Thursday, April 15, 2010

Factionalism 101

from The Federalist #10/Madison--

By a faction, I understand a number of citizens, whether amounting to a majority or a minority of the whole, who are united and actuated by some common impulse of passion, or of interest, adversed to the rights of other citizens, or to the permanent and aggregate interests of the community.

There are two methods of curing the mischiefs of faction: the one, by removing its causes; the other, by controlling its effects.

There are again two methods of removing the causes of faction: the one, by destroying the liberty which is essential to its existence; the other, by giving to every citizen the same opinions, the same passions, and the same interests.

It could never be more truly said than of the first remedy, that it was worse than the disease. Liberty is to faction what air is to fire, an aliment without which it instantly expires. But it could not be less folly to abolish liberty, which is essential to political life, because it nourishes faction, than it would be to wish the annihilation of air, which is essential to animal life, because it imparts to fire its destructive agency.

The second expedient is as impracticable as the first would be unwise. As long as the reason of man continues fallible, and he is at liberty to exercise it, different opinions will be formed. As long as the connection subsists between his reason and his self-love, his opinions and his passions will have a reciprocal influence on each other; and the former will be objects to which the latter will attach themselves. The diversity in the faculties of men, from which the rights of property originate, is not less an insuperable obstacle to a uniformity of interests. The protection of these faculties is the first object of government. From the protection of different and unequal faculties of acquiring property, the possession of different degrees and kinds of property immediately results; and from the influence of these on the sentiments and views of the respective proprietors, ensues a division of the society into different interests and parties.

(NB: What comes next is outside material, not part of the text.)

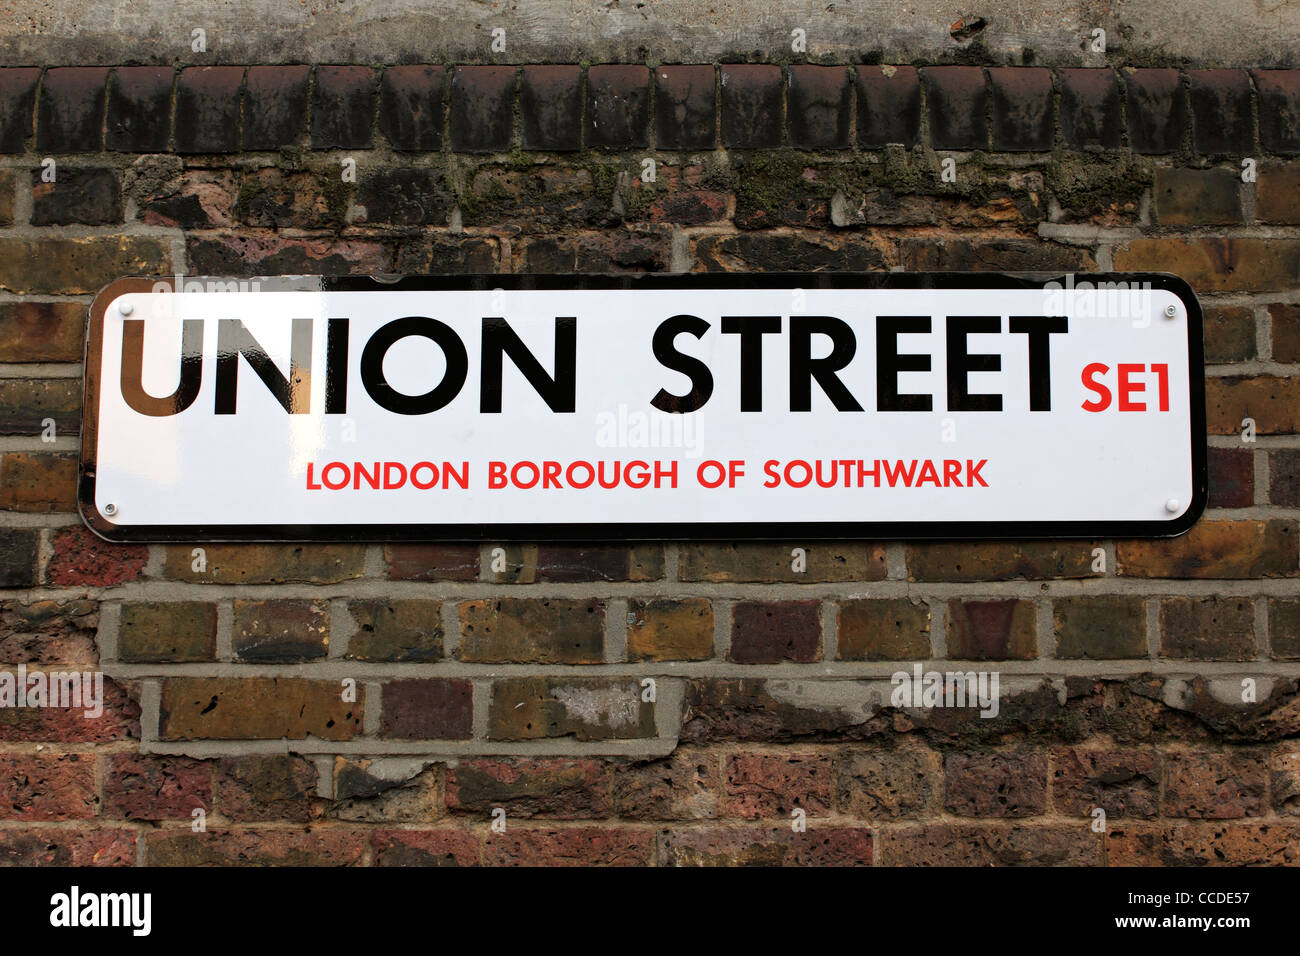 Union street, London Borough of Southwark, SE1 England UK Stock Photo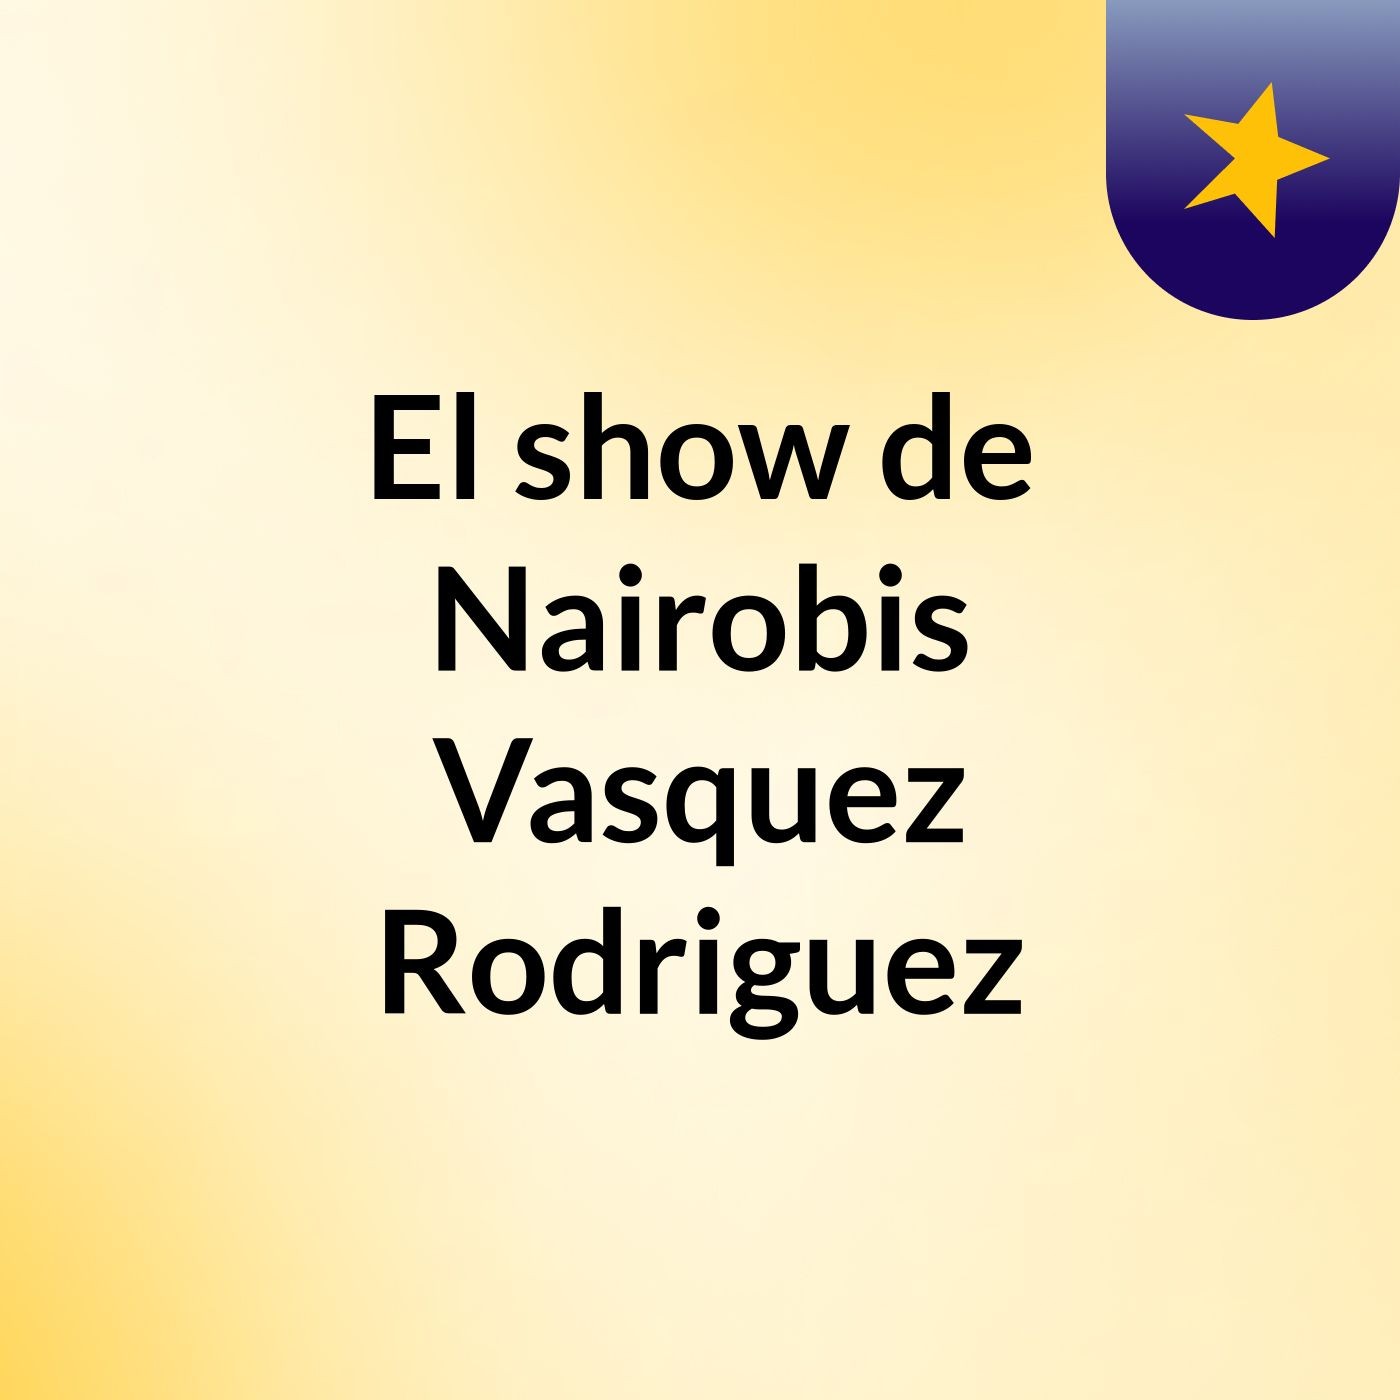 El show de Nairobis Vasquez Rodriguez

American educators could do worse than have their Biffs and Bunnies read (and respond to) the concise, rational prose of the Federalist papers (authored by one PUBLIUS, the pseudonym of Hamilton and Madison. That wise man--and abolitionist-- John Jay also contributed). B & B might not agree, could violently disagree (tho' even the hard-minded economic materialist would probably grant Madison had a rather keen insight into the relations of production, in M-speak).

IN brief, Ham. and Mad. offer quite persuasive arguments--not necessary, but cogent--in favor of the federalist or classical republican models over the Lockean or democratic models, states-rights popularly called--tho' Locke's bastard son Jefferson was not unfamiliar with classical republicanism--ie that of ancient greece and rome, not the GOP...capiche?--and once claimed the American Rev. followed from "Aristotle, Cicero, Locke, Sidney, etc." The texts of ancient soothsayers--ie the Bible, and the Koran--or the pathology of the everyday (schports, entertainment, bing-fluff) seem quite irrelevant in comparison.